Off-topic, but isn't the consensus that deaths related to opening of the tombs are caused by some bacteria?

danparsonson · on Dec 31, 2022

They were entirely coincidental (https://en.m.wikipedia.org/wiki/Curse_of_the_pharaohs).

j16sdiz · on Dec 31, 2022

It is ok-ish, given how low level nim is.

xigoi · on Dec 31, 2022

Woooosh

darthrupert · on Dec 31, 2022

This is great! Async still has its place for extremely low latency requirements, but threads should be good enough for almost every problem.

iroddis · on Dec 31, 2022

What kind of latency are you talking about? Async latency for completing a task isn’t deterministic, and there’s no guarantee data will be processed as soon as it becomes available. Async runtimes rely heavily on hints from their tasks as to when to poll next.

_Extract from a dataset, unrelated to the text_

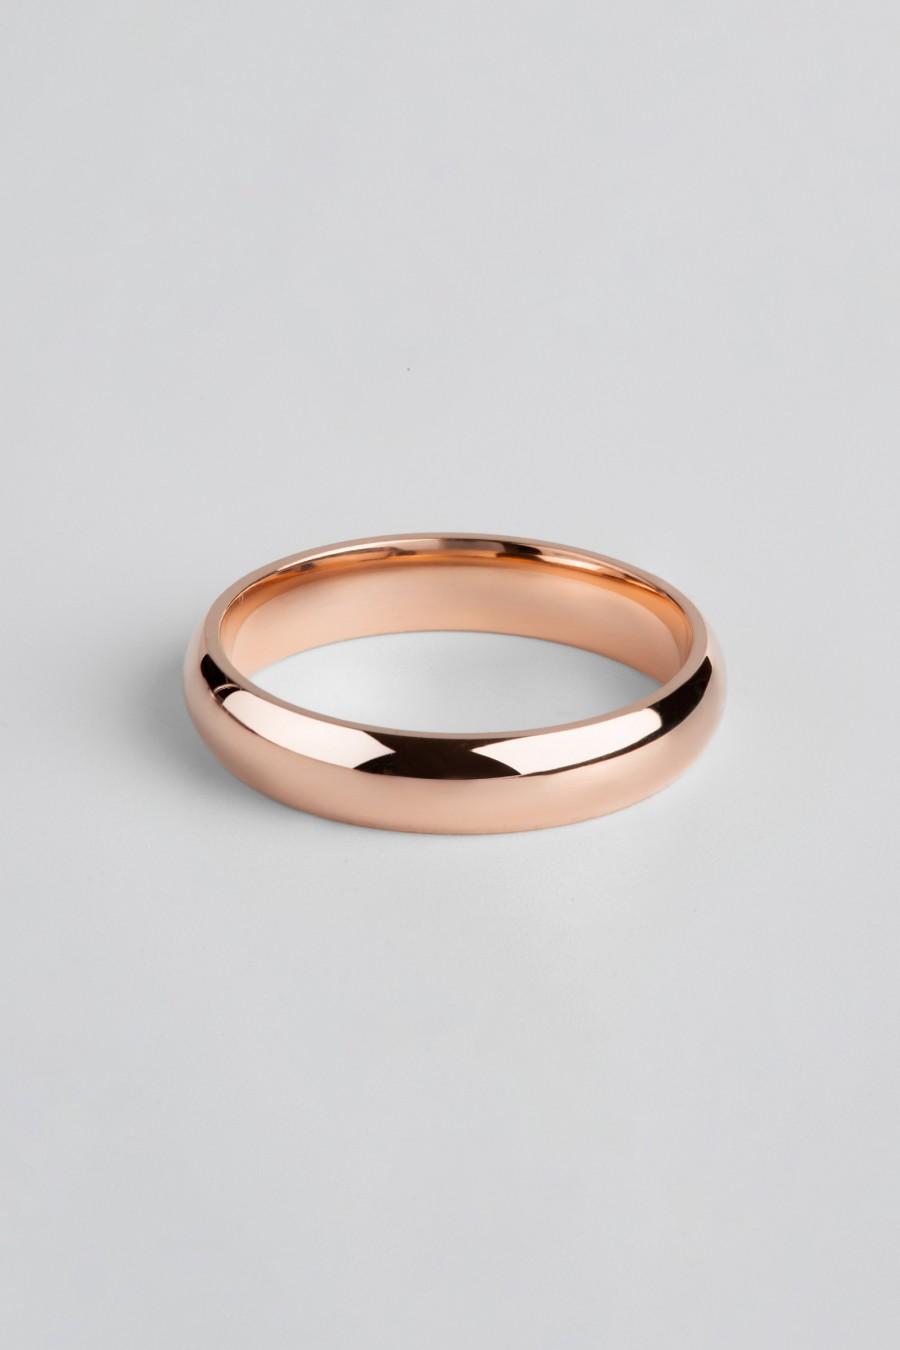 زفاف - 14k Rose Gold Band - CLASSIC DOME / Polished / Comfort Fit / Men's Women's Wedding Ring / Simple Wedding Ring
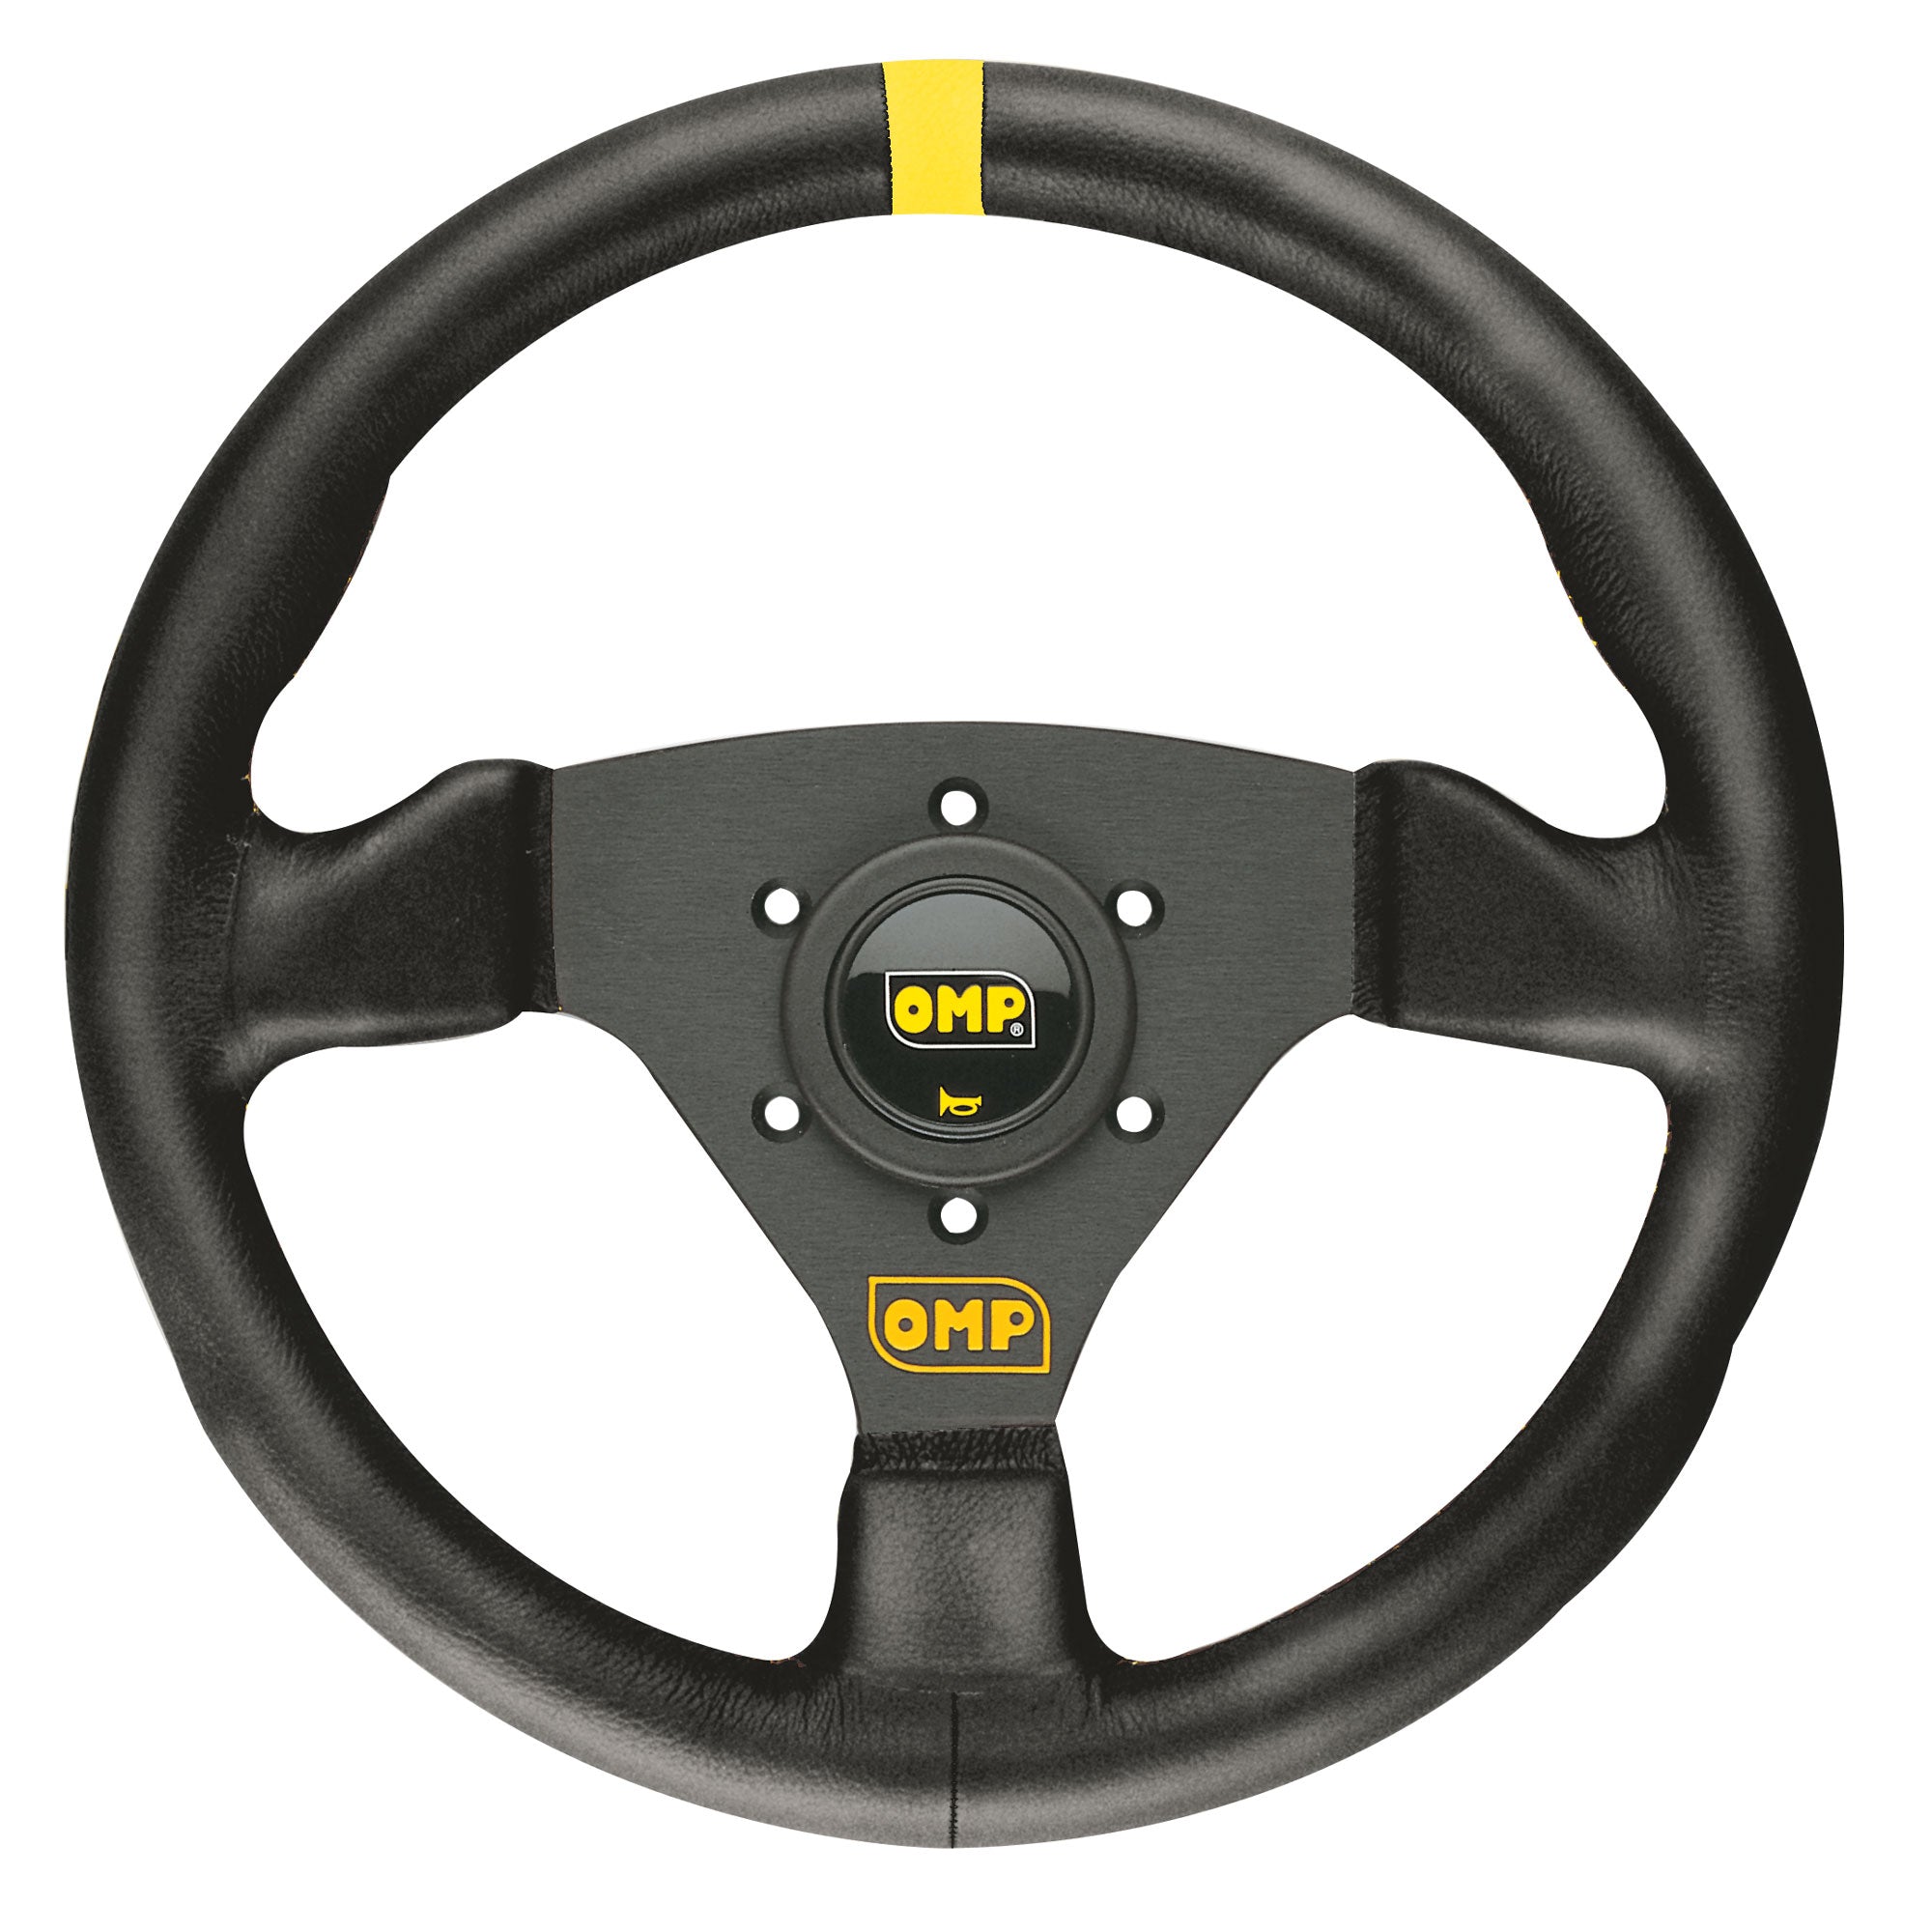 OMP Trecento Scamosciato Flat Steering Wheel 300mm Black Leather - Black Spokes - Black Stitching

Generally, low latency means producing a result as soon as possible. Threads are ideal for that case, expending spinning cpu time for asap processing.

The best description I’ve heard of async is concurrent waiting, vs concurrent processing for threads (from the excellent zero2prod book).

zamalek · on Dec 31, 2022

What? The known/accepted tradeoff of async is gaining scalability (max concurrent connections) at the cost of latency.

darthrupert · on Jan 1, 2023

Indeed. Dunno what I was thinking there. Thanks for the correction!